Hardware requirements

The successful usage of this package requires a computer with enough RAM to be able to handle the large datasets the network has been designed to work with. Due to this, we recommend using compute clusters whenever available to avoid memory issues.

Software requirements

We recommend creating a fresh Python 3.10+ virtual environment. For a faster installation experience, we highly recommend using uv.

[!IMPORTANT]
If you plan to use GPU acceleration, ensure that the CUDA toolkit is correctly loaded (e.g., module load cuda) before starting the installation.
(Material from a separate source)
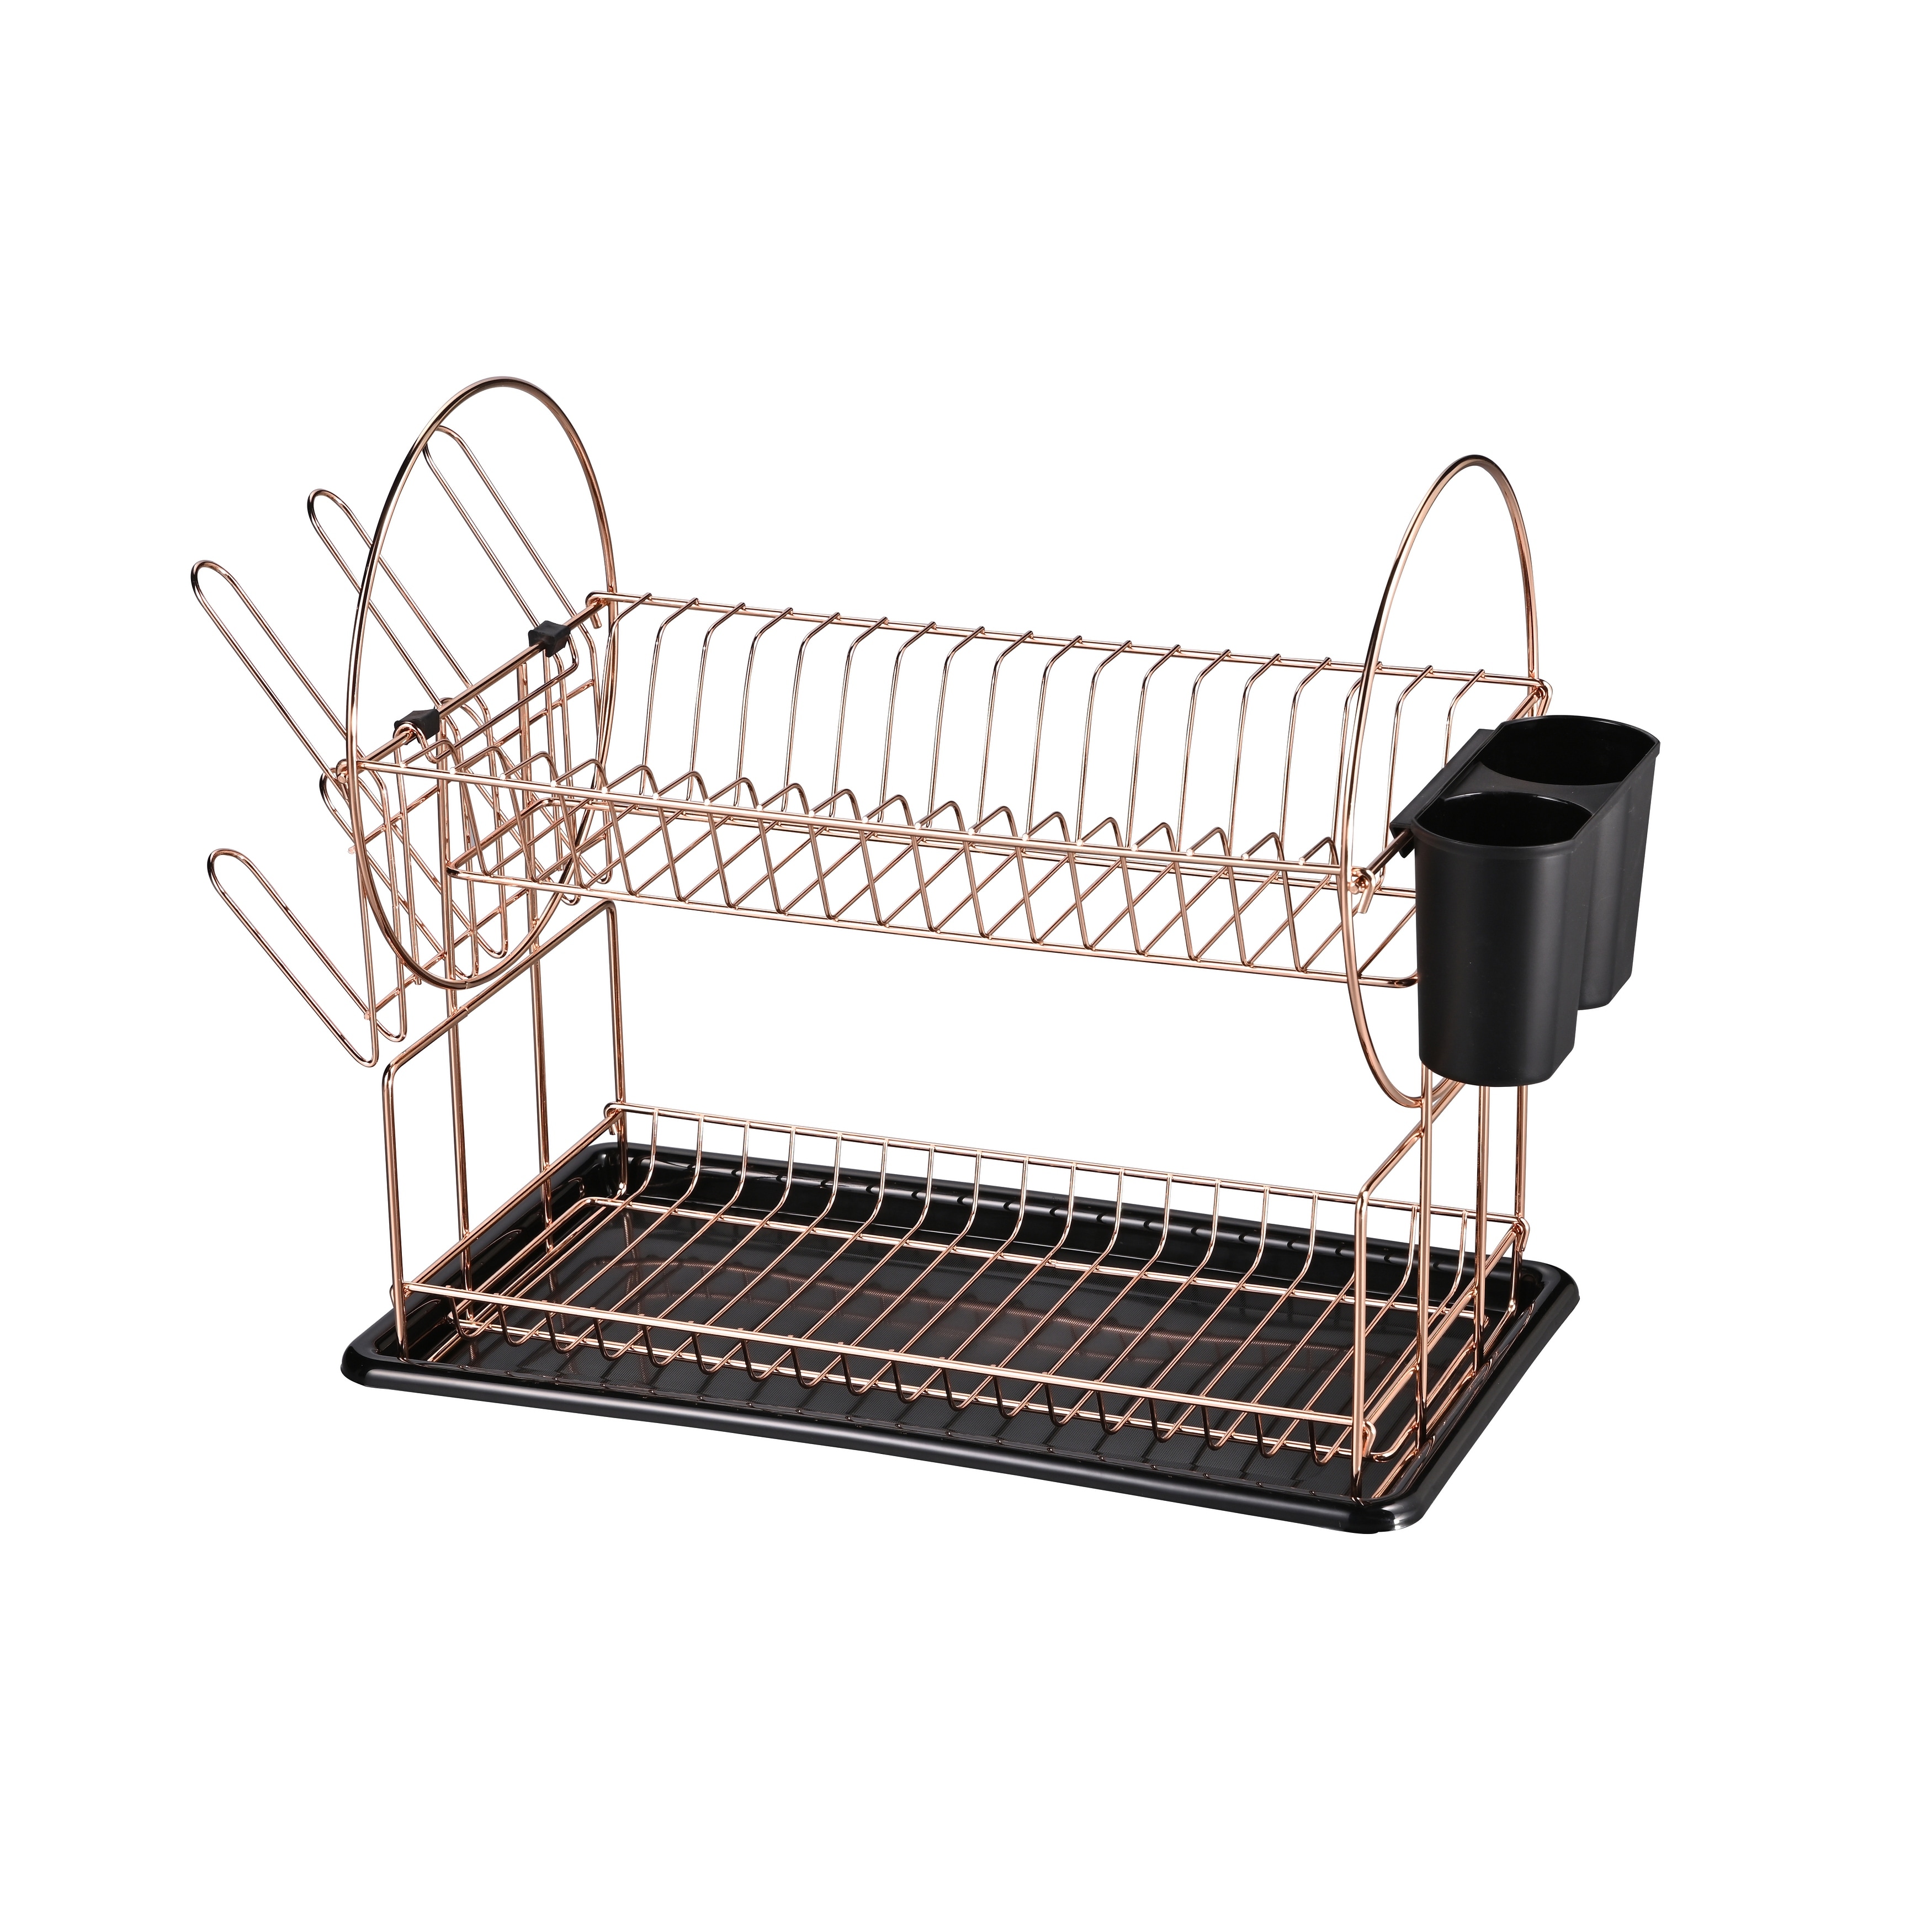 https://ak1.ostkcdn.com/images/products/is/images/direct/39c091f235411496cfa8655e92ce0e0232cb8f8c/Jiallo-Stainless-Steel-2-Tier-dish-rack-with-dripping-tray-%28Rose-Gold%29.jpg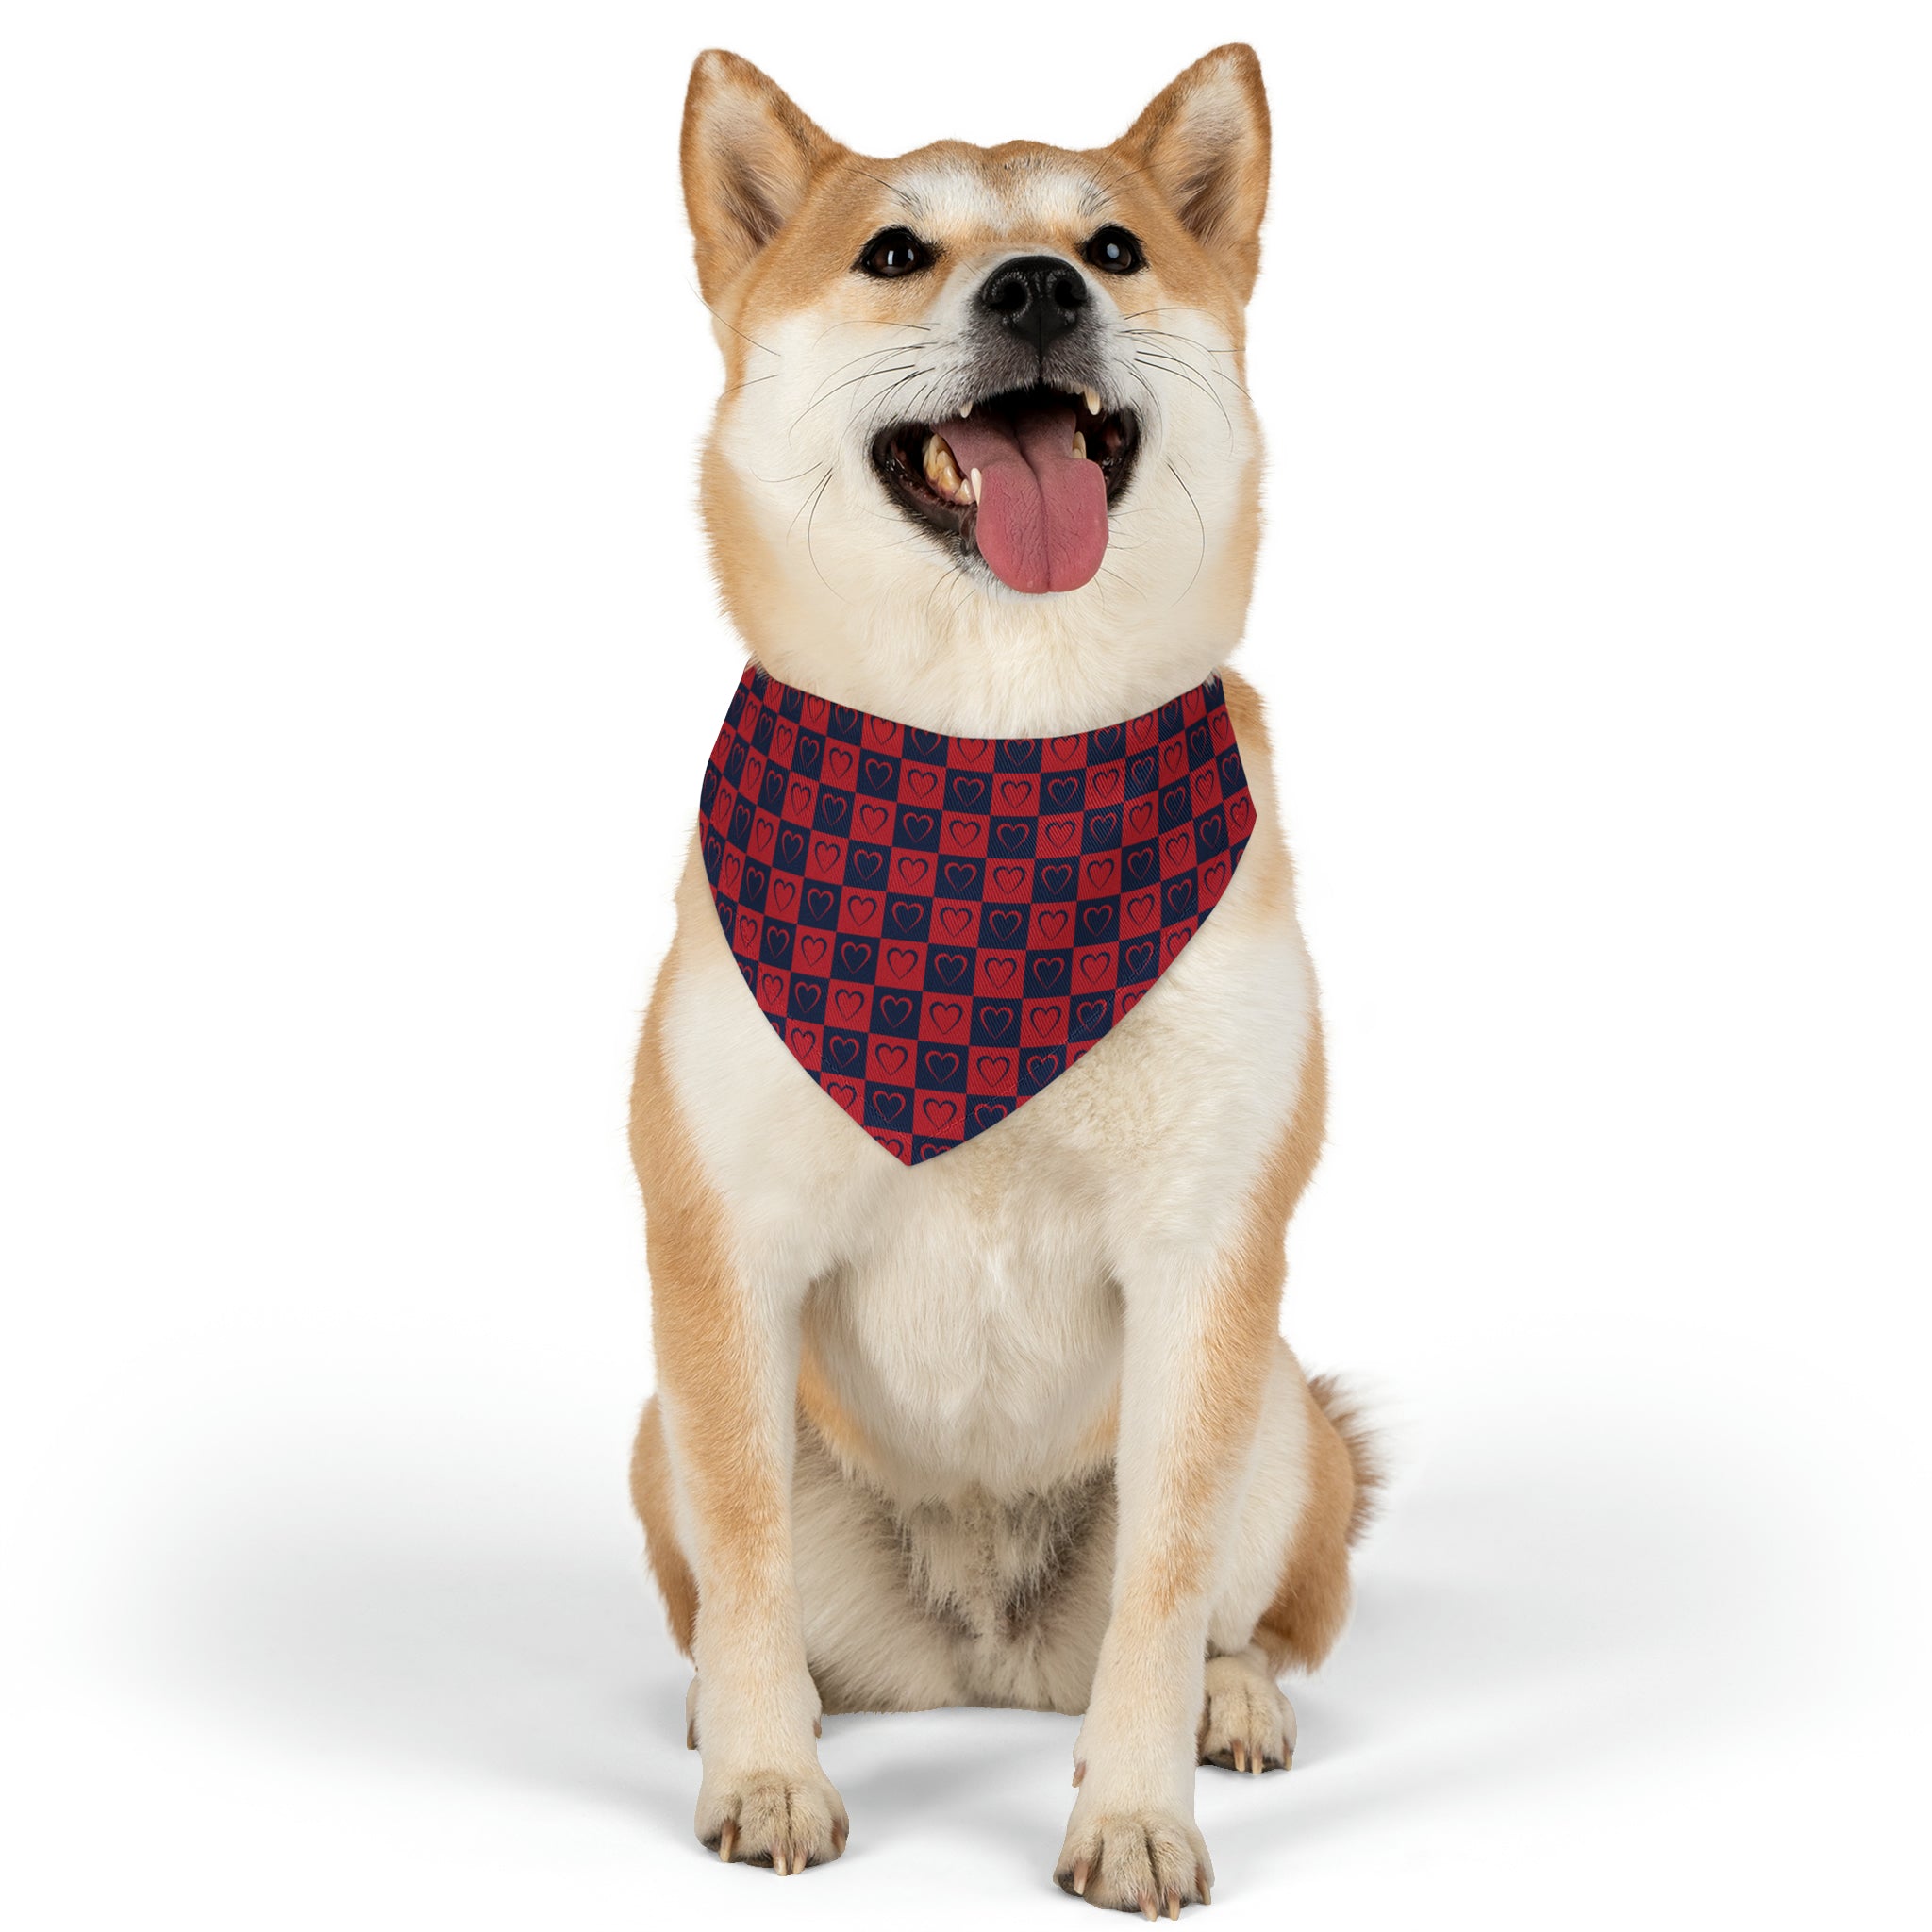 DC Hockey Themed Pet Bandana | Comes in Different Sizes for Different Breeds | Free Shipping

This ensures that the dependencies and internal components are correctly configured for your hardware.

As an example, using uv (recommended):

$ uv venv --python 3.10
$ source .venv/bin/activate
$ uv pip install adamixture

Installation Guide

The package can be easily installed in at most a few minutes using pip (make sure to add the --upgrade flag if updating the version):

$ pip install adamixture

Running ADAMIXTURE

To train a model, simply invoke the following commands from the root directory of the project. For more info about all the arguments, please run adamixture --help. Note that BED, VCF and PGEN are supported.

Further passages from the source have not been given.